▶ [Assignment] Retype the listing in full. Change nothing.

▶ [Excerpted records]

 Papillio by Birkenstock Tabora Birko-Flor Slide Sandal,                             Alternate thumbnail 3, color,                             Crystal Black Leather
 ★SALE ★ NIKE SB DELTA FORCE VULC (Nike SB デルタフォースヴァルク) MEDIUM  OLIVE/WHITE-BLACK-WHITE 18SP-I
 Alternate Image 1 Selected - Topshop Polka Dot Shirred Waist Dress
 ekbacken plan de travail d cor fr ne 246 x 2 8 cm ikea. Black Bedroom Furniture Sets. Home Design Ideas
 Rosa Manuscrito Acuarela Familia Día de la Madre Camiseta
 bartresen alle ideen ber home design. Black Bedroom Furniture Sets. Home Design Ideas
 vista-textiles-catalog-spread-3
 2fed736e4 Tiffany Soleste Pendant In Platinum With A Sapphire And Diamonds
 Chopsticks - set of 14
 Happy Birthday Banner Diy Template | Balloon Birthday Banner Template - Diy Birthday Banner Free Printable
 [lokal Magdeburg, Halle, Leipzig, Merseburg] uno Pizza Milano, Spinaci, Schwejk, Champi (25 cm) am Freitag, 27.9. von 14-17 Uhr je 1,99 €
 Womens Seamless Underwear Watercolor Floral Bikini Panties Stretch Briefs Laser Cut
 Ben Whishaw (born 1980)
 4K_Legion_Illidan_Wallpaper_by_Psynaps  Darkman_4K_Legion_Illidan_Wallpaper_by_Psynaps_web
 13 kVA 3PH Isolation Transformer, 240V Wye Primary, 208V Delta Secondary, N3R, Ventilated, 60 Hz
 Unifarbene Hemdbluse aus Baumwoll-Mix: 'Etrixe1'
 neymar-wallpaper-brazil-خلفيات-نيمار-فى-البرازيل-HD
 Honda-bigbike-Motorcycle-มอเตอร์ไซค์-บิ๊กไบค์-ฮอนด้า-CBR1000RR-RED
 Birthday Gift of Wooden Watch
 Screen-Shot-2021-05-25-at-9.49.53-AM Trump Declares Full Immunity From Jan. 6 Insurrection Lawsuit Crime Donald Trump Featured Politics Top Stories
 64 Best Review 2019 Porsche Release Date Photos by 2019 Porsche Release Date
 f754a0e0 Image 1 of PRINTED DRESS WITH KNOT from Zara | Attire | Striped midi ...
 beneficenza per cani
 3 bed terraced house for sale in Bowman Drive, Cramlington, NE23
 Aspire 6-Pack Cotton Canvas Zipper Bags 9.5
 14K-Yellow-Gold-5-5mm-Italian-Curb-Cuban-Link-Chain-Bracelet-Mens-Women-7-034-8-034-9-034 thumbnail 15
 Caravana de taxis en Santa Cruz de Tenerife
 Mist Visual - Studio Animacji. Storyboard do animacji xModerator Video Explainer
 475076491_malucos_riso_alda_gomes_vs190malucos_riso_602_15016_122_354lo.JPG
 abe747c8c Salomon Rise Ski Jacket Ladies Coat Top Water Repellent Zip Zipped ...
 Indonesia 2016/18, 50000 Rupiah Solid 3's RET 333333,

▶ [Output of the exercise]
 Papillio by Birkenstock Tabora Birko-Flor Slide Sandal,                             Alternate thumbnail 3, color,                             Crystal Black Leather
 ★SALE ★ NIKE SB DELTA FORCE VULC (Nike SB デルタフォースヴァルク) MEDIUM  OLIVE/WHITE-BLACK-WHITE 18SP-I
 Alternate Image 1 Selected - Topshop Polka Dot Shirred Waist Dress
 ekbacken plan de travail d cor fr ne 246 x 2 8 cm ikea. Black Bedroom Furniture Sets. Home Design Ideas
 Rosa Manuscrito Acuarela Familia Día de la Madre Camiseta
 bartresen alle ideen ber home design. Black Bedroom Furniture Sets. Home Design Ideas
 vista-textiles-catalog-spread-3
 2fed736e4 Tiffany Soleste Pendant In Platinum With A Sapphire And Diamonds
 Chopsticks - set of 14
 Happy Birthday Banner Diy Template | Balloon Birthday Banner Template - Diy Birthday Banner Free Printable
 [lokal Magdeburg, Halle, Leipzig, Merseburg] uno Pizza Milano, Spinaci, Schwejk, Champi (25 cm) am Freitag, 27.9. von 14-17 Uhr je 1,99 €
 Womens Seamless Underwear Watercolor Floral Bikini Panties Stretch Briefs Laser Cut
 Ben Whishaw (born 1980)
 4K_Legion_Illidan_Wallpaper_by_Psynaps  Darkman_4K_Legion_Illidan_Wallpaper_by_Psynaps_web
 13 kVA 3PH Isolation Transformer, 240V Wye Primary, 208V Delta Secondary, N3R, Ventilated, 60 Hz
 Unifarbene Hemdbluse aus Baumwoll-Mix: 'Etrixe1'
 neymar-wallpaper-brazil-خلفيات-نيمار-فى-البرازيل-HD
 Honda-bigbike-Motorcycle-มอเตอร์ไซค์-บิ๊กไบค์-ฮอนด้า-CBR1000RR-RED
 Birthday Gift of Wooden Watch
 Screen-Shot-2021-05-25-at-9.49.53-AM Trump Declares Full Immunity From Jan. 6 Insurrection Lawsuit Crime Donald Trump Featured Politics Top Stories
 64 Best Review 2019 Porsche Release Date Photos by 2019 Porsche Release Date
 f754a0e0 Image 1 of PRINTED DRESS WITH KNOT from Zara | Attire | Striped midi ...
 beneficenza per cani
 3 bed terraced house for sale in Bowman Drive, Cramlington, NE23
 Aspire 6-Pack Cotton Canvas Zipper Bags 9.5
 14K-Yellow-Gold-5-5mm-Italian-Curb-Cuban-Link-Chain-Bracelet-Mens-Women-7-034-8-034-9-034 thumbnail 15
 Caravana de taxis en Santa Cruz de Tenerife
 Mist Visual - Studio Animacji. Storyboard do animacji xModerator Video Explainer
 475076491_malucos_riso_alda_gomes_vs190malucos_riso_602_15016_122_354lo.JPG
 abe747c8c Salomon Rise Ski Jacket Ladies Coat Top Water Repellent Zip Zipped ...
 Indonesia 2016/18, 50000 Rupiah Solid 3's RET 333333,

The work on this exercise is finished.